Harvin Isma confie avoir puisé dans des faits divers parus dans la presse. « Je voulais parler aux ados avec leur langage : l’adrénaline », dit-il. Sa plume mélange romantisme et cruauté pour rappeler que la frontière entre amour et violence demeure fragile.
Violences faites aux femmes : l’écho de Patricia
Le personnage de Patricia, femme assassinée revenue se venger, symbolise les dizaines d’agressions parfois passées sous silence. La caméra de Pandzou ne s’attarde pas sur le sang, mais sur les regards, dénonçant la banalisation des violences faites aux femmes tout en célébrant leur résilience.
Sur l’autre rive, les garçons du groupe incarnent une jeunesse en quête de repères. Entre fascination pour l’inconnu et pression de la réussite, ils commettent l’imprudence fatale d’ignorer les avertissements ancestraux. Le film rappelle que le libre arbitre reste un privilège fragilisé par l’ignorance.
Panzou exploite une forêt côtière drapée de brume, à cinquante kilomètres de Pointe-Noire. Les travellings fluides côtoient des plans fixes inspirés des contes Kongo. Le contraste mêle luxe tropical et angoisse, offrant une signature visuelle résolument congolaise.
« Avec Traque, nous explorons la peur primale de l’inconnu ; si un spectateur réfléchit avant de céder à la violence, nous aurons gagné », déclare Barthel Pandzou, sourire pudique. Pour son deuxième opus, il revendique une influence de Jordan Peele et une coloration résolument africaine.
Industrie cinématographique congolaise en pleine mutation
La projection a attiré décideurs économiques. Sylvestre Didier Mavouenzela, président de la Chambre consulaire de Pointe-Noire, rappelle que le septième art « crée emplois et image ». Il promet un appui en formation technique et accès au financement pour les studios locaux.
Ces annonces résonnent avec les réformes visant à structurer la filière culturelle. Le Fonds national pour la promotion des arts encourage déjà courts-métrages et documentaires. Les professionnels espèrent maintenant des salles numériques et un réseau de distribution régional pour rentabiliser les productions.

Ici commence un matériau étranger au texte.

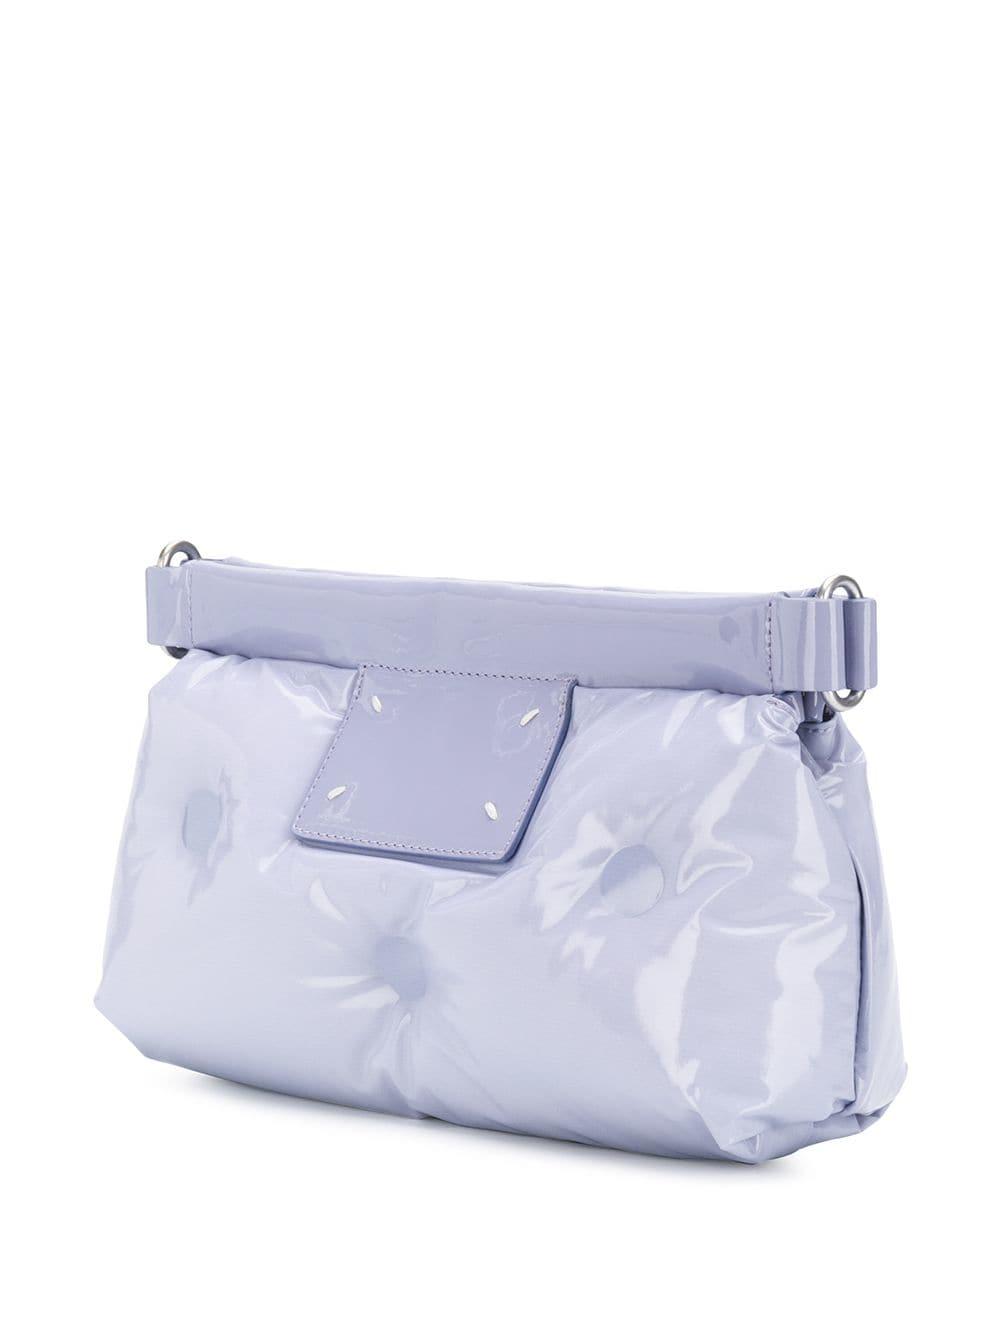 Maison Margiela Glam Slam Shoulder Bag in Purple - Lyst

Dans le hall, Diane, étudiante en marketing, confie avoir « sauté trois fois de son siège », avant d’ajouter que l’histoire l’a poussée à appeler sa petite sœur pour discuter consentement et confiance. Ces échanges post-projection montrent la capacité du cinéma à prolonger le débat hors écran.
Pour les spectatrices, Patricia devient rapidement une héroïne ambiguë. « Elle est victime mais refuse de se taire, c’est puissant », analyse Joëlle Ngatsé, blogueuse lifestyle. En incarnant sa propre justice, le personnage invite à repenser les mécanismes de protection et d’écoute dédiés aux femmes congolaises.

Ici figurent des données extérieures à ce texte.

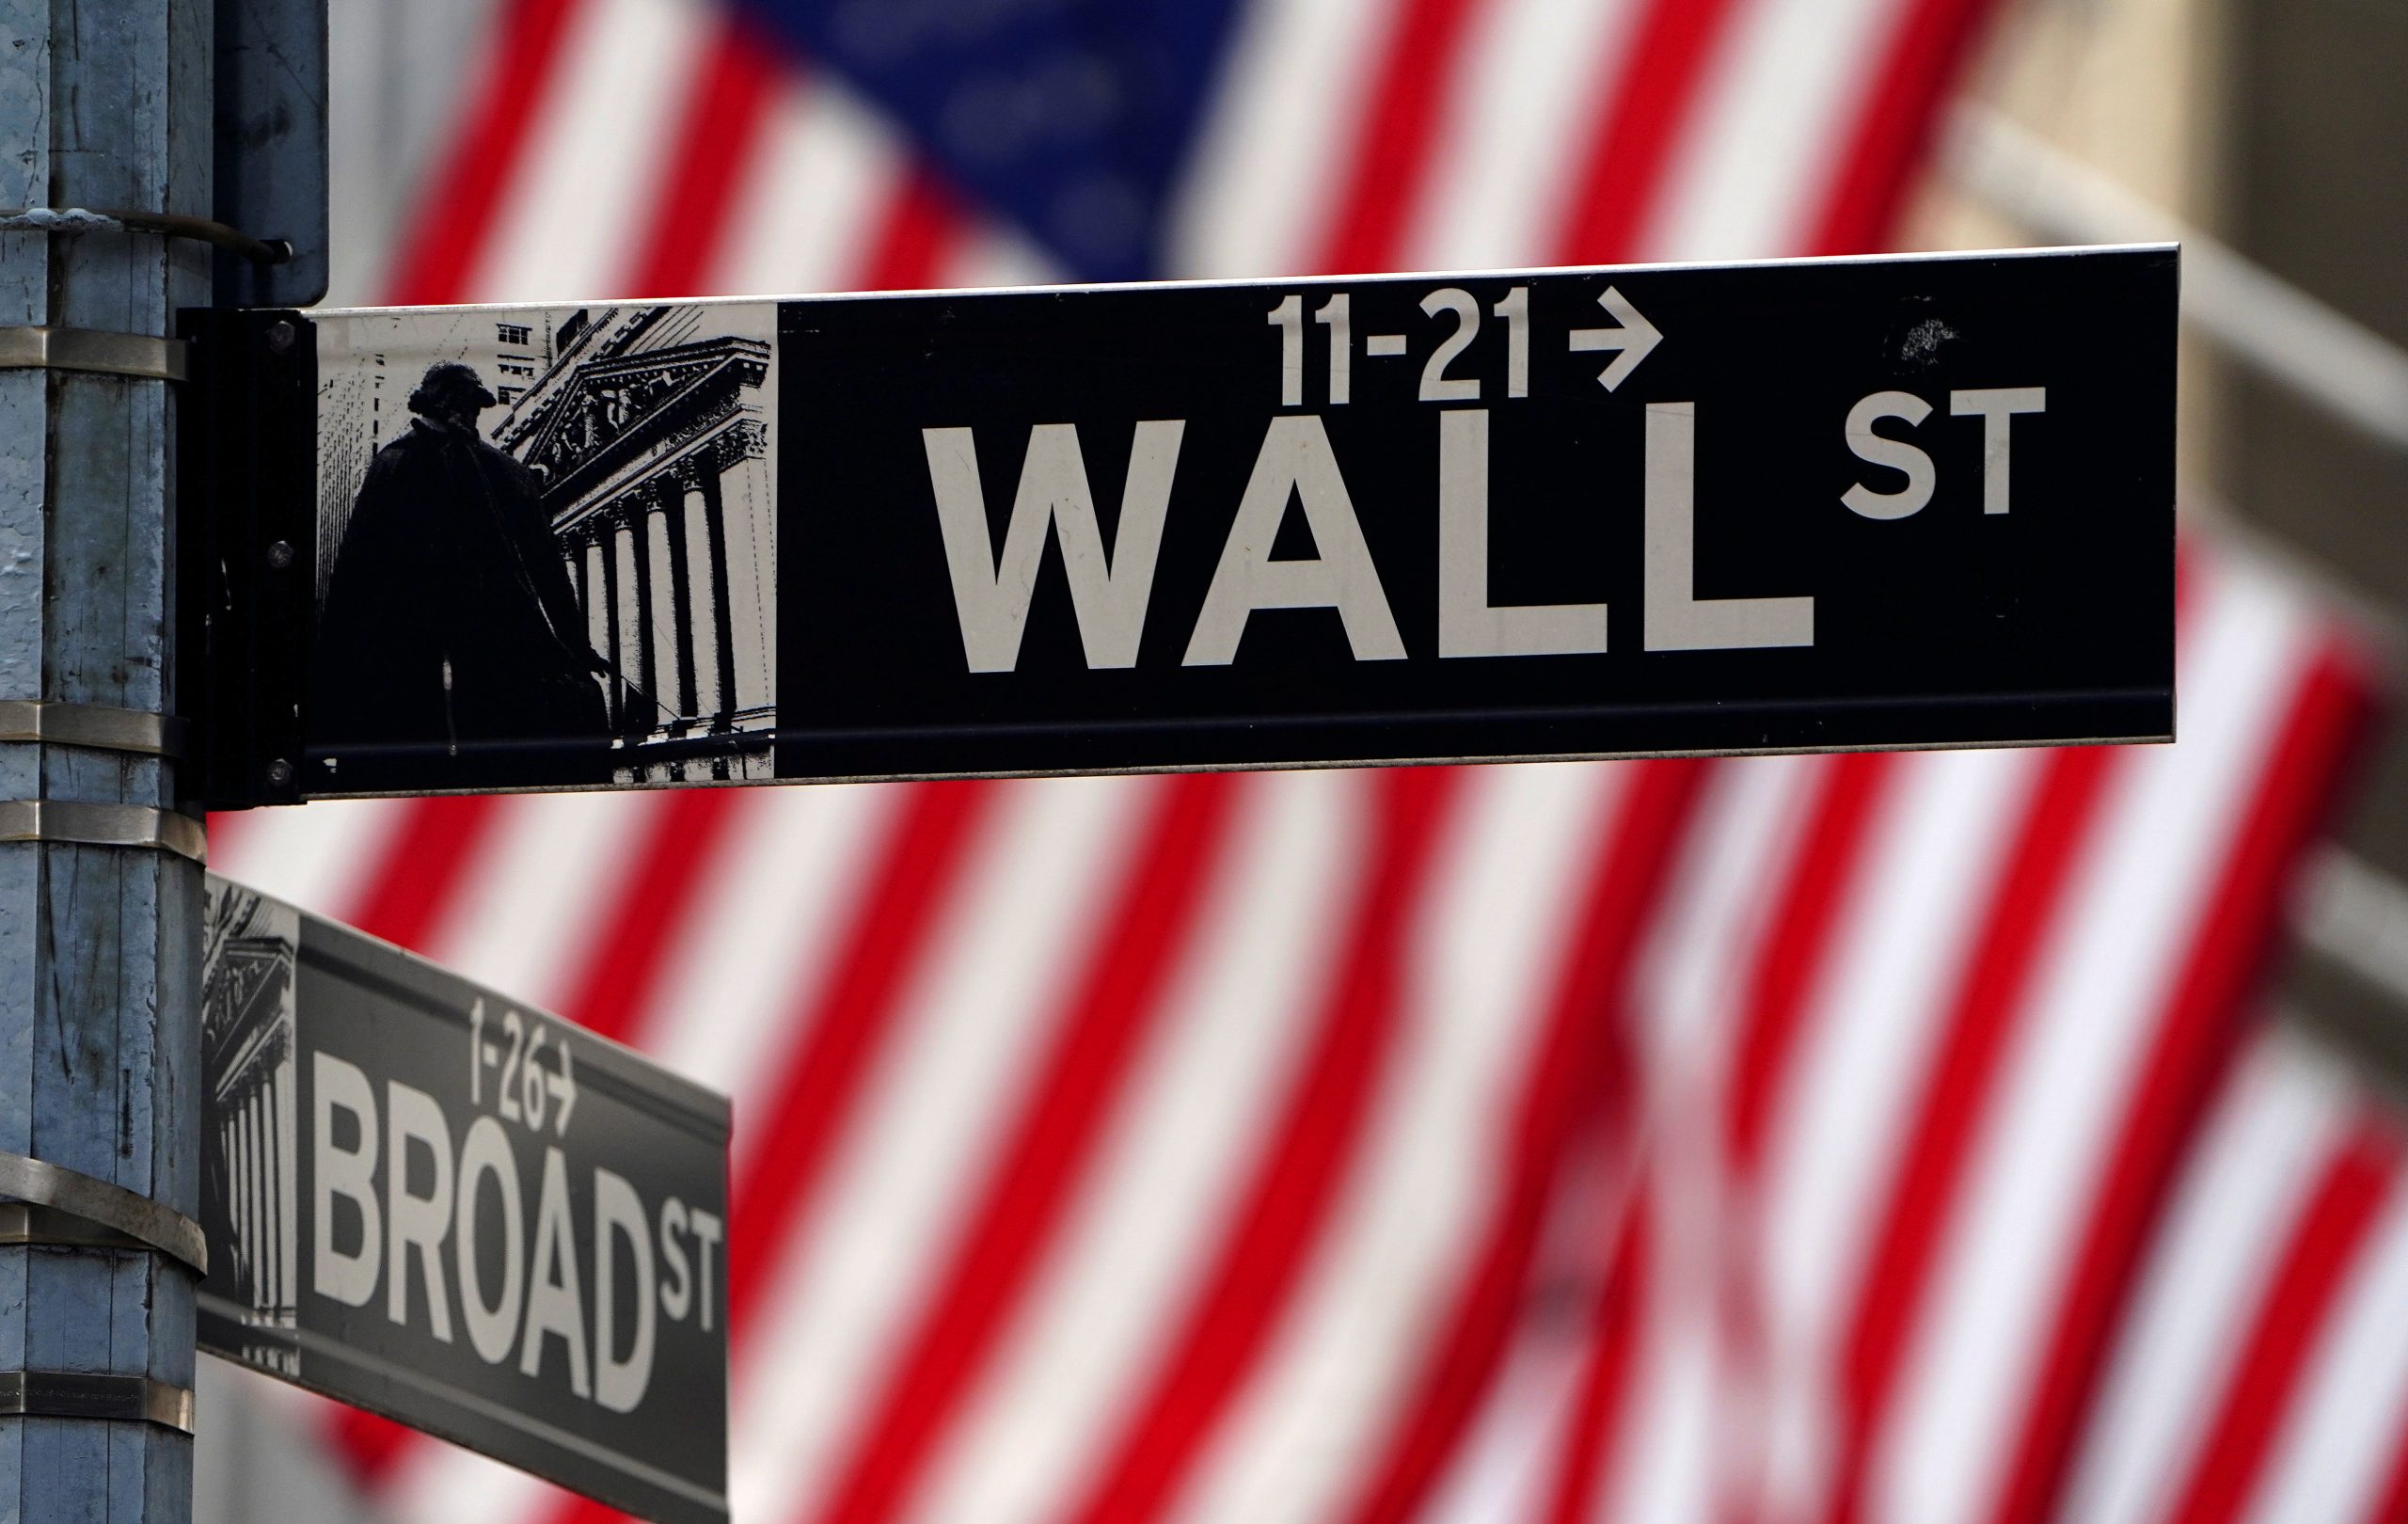  Oatly, Procore debuts calm U.S. IPO jitters

À l’échelle continentale, rares sont les thrillers psychologiques portés par des équipes majoritairement africaines. Pandzou revendique cette exception et assume un casting où figurent quatre comédiennes issues de la diaspora. Leur présence illustre la porosité croissante entre plateformes internationales et créativité locale.
Le gouvernement a récemment annoncé un programme de digitalisation des salles rurales, initiative saluée par Arts Programmes. Si ces infrastructures voient le jour, des œuvres comme « Traque » toucheront un public plus large, renforçant l’accès à la culture tout en stimulant l’économie créative nationale.
Panzou vise désormais les festivals de Durban et Ouagadougou en 2024. Une version sous-titrée en anglais devrait séduire Netflix ou Showmax. « Cela peut attirer des coproductions et de nouvelles compétences locales », estime Mavouenzela.
En refermant les lourdes portes du Rocher des Âges, les spectateurs emportent chez eux un souffle d’effroi, mais surtout une histoire où la fatalité se discute. « Traque, la vengeance de Patricia » rappelle qu’au Congo-Brazzaville, le cinéma fait désormais dialoguer l’émotion, la réflexion et l’ambition.